Prepare sin/cos buffers for rope outside model forward #566 is not working in Spec Decode Eagle mode
Due to input tensors is now different to the pre-assumption that decode_fwd only provide one token per seq. Spec Decode provides multiple candidates tokens as q.
To fix that, added a new ENV - "VLLM_COS_SIN_RECOMPUTE=true", need to use it to trigger recompute to cos and sin for spec decode.

xuechendi · 2024-12-11T15:20:15Z

@michalkuligowski , please help to review.

xuechendi · 2024-12-11T17:53:07Z

@kzawora-intel , please check a fix here:
previous mllama PR will break spec decode, I added a fix PR
de79b5c

tzielinski-habana · 2024-12-16T15:12:11Z

vllm/worker/hpu_model_runner.py

@@ -741,6 +749,8 @@ def load_model(self) -> None:
                get_decoder_layer_suffix(model_config.model_type if
                                         model_config is not None else None),
                hidden_layer_markstep_interval)
+            recompute_cos_sin = os.getenv('VLLM_COS_SIN_RECOMPUTE',
+                                          'false').lower() == 'true'


I'd rather have "in ['1', 'true']" instead of "== 'true'"

On another note, do you need to get the value of this env var here?

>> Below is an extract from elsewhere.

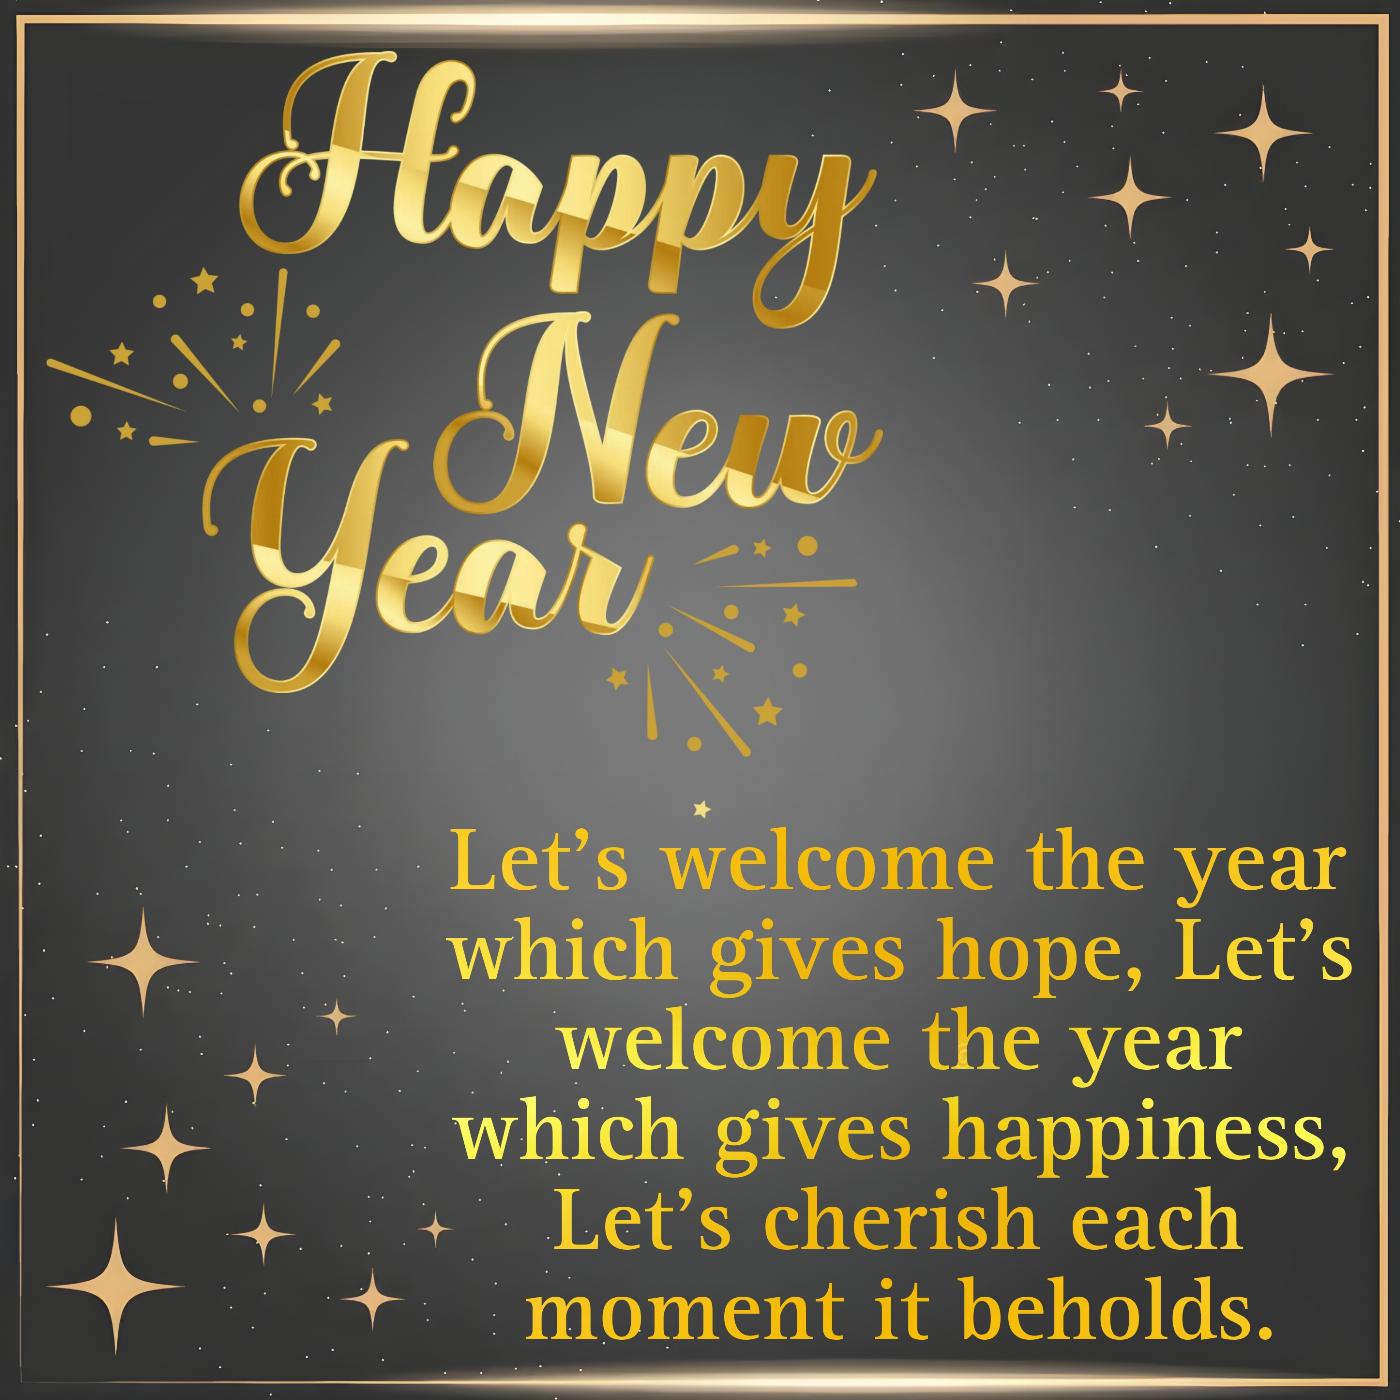 Lets welcome the year which gives hope

Can it be done in init of RotaryEmbedding instead? I don't think it's necessary to pass this value to rope.prepare_cos_sin from here

The reason I want to pass the value from hpu_model_runner is because it is easier to be noticed. And I think the "RotaryEmbedding.init()" is general for all HW, so I don't want to do any change there.

tzielinski-habana · 2024-12-16T15:22:53Z

vllm/model_executor/layers/rotary_embedding.py

-                        offsets: Optional[torch.Tensor] = None):
+                        offsets: Optional[torch.Tensor] = None,
+                        recompute_cos_sin: bool = False):
+        self.recompute_cos_sin = recompute_cos_sin


I think if you set
self.recompute_cos_sin = os.getenv('VLLM_COS_SIN_RECOMPUTE', 'false').lower() in ['1', 'true'])
in the init method, you don't have to pass the recompute_cos_sin parameter here (see my other comment on hpu_model_runner.py:753)

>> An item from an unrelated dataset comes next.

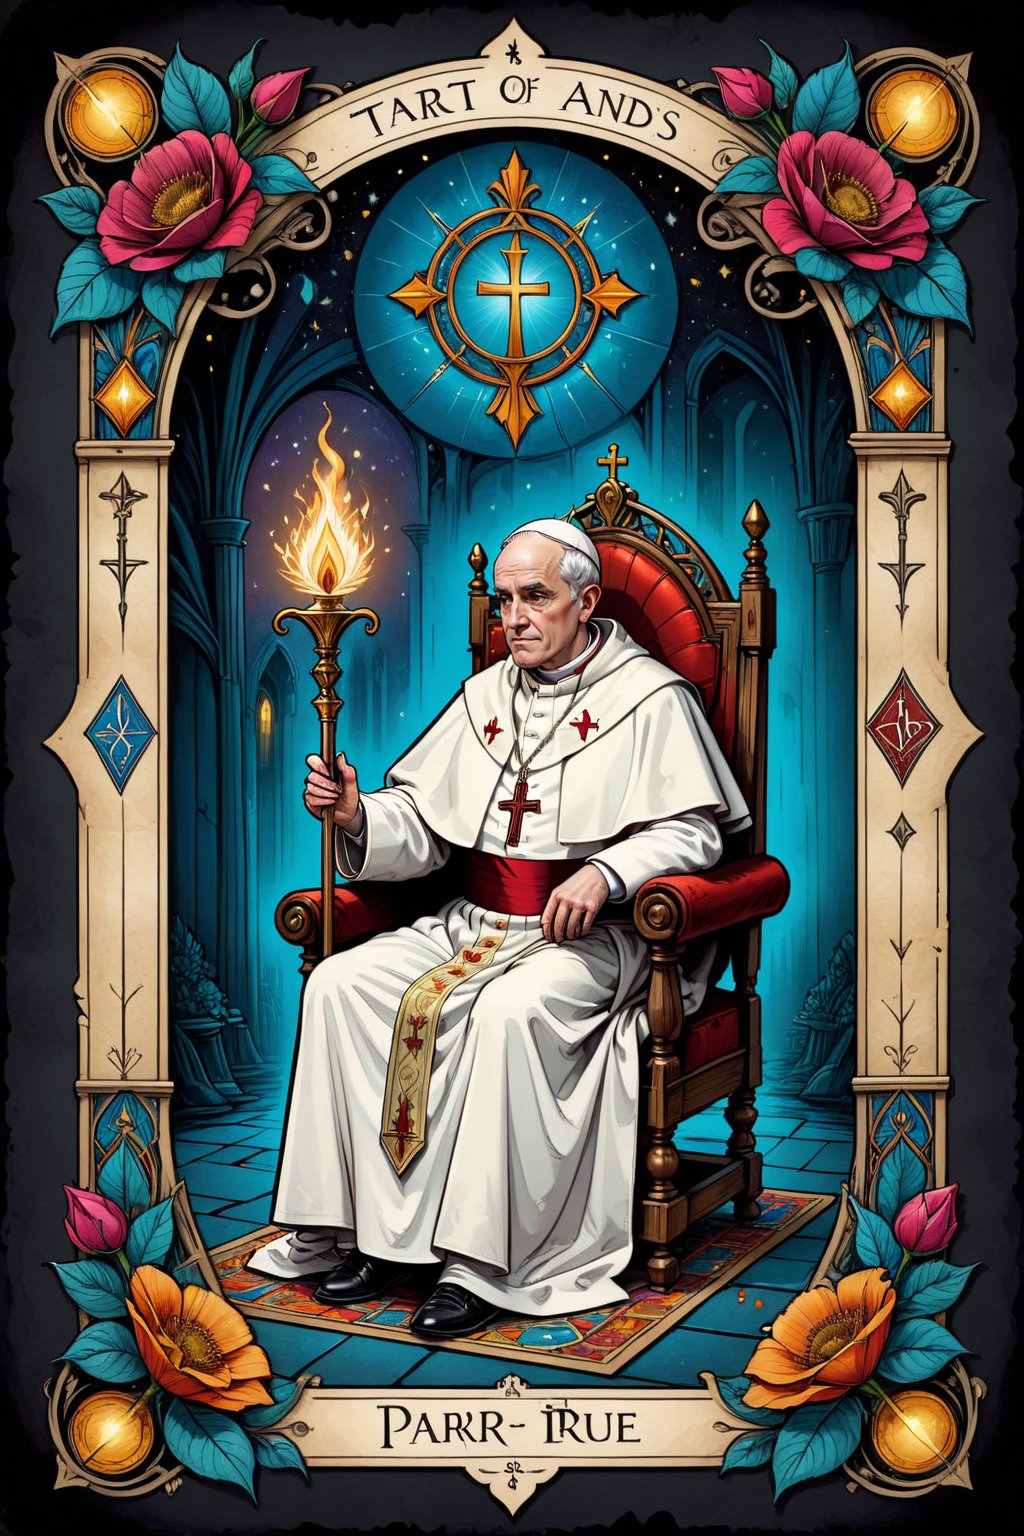 || Tarot card wit art deco frame, an ink drawing, a digital painting of the Priest - the pope, with crown and staff sitting on his throne with two monks looking up to him -, decorative flowers ||  pen and ink, liquid ink, best quality, double exposure, vintage triadic colors, realistic artstyle, stylized urban fantasy artwork, stunning digital illustration, stylized urban fantasy artwork, beautiful digital illustration, mysterious and detailed image, in the style of Craola, Dan Mumford, Andy Kehoe, 2d, flat, vintage, cracked paper art, patchwork, detailed storybook illustration, cinematic, ultra highly detailed, mystical, luminism, vibrant colors, complex background,tarot card,comic book,on parchment,aw0k straightsylum, pen and ink, liquid ink, best quality, double exposure, vintage triadic colors, (tarot card:1.2), realistic artstyle, stylized urban fantasy artwork, stunning digital illustration, stylized urban fantasy artwork, beautiful digital illustration, mysterious and detailed image, in the style of Craola, Dan Mumford, Andy Kehoe, 2d, flat, vintage, cracked paper art, patchwork, detailed storybook illustration, cinematic, ultra highly detailed, mystical, luminism, vibrant colors, complex background,tarot card,comic book,on parchment

I think the 'RotaryEmbedding.init()' is general for all HW, so I am thinking to only pass this new 'argument' in prepare_cos_sin() which is added by us?

It's a valid point, it might be easier to upstream if we don't touch the constructor

tzielinski-habana · 2024-12-17T10:56:59Z

vllm/model_executor/layers/rotary_embedding.py

-                        offsets: Optional[torch.Tensor] = None):
+                        offsets: Optional[torch.Tensor] = None,
+                        recompute_cos_sin: bool = False):
+        self.recompute_cos_sin = recompute_cos_sin


It's a valid point, it might be easier to upstream if we don't touch the constructor

tzielinski-habana · 2024-12-17T12:02:25Z

vllm/worker/hpu_model_runner.py

@@ -741,6 +749,8 @@ def load_model(self) -> None:
                get_decoder_layer_suffix(model_config.model_type if
                                         model_config is not None else None),
                hidden_layer_markstep_interval)
+            recompute_cos_sin = os.getenv('VLLM_COS_SIN_RECOMPUTE',


You explained why you don't want to touch the init method of RotaryEmbedding, but maybe we can at least move this getter to the init of HpuModelAdapter?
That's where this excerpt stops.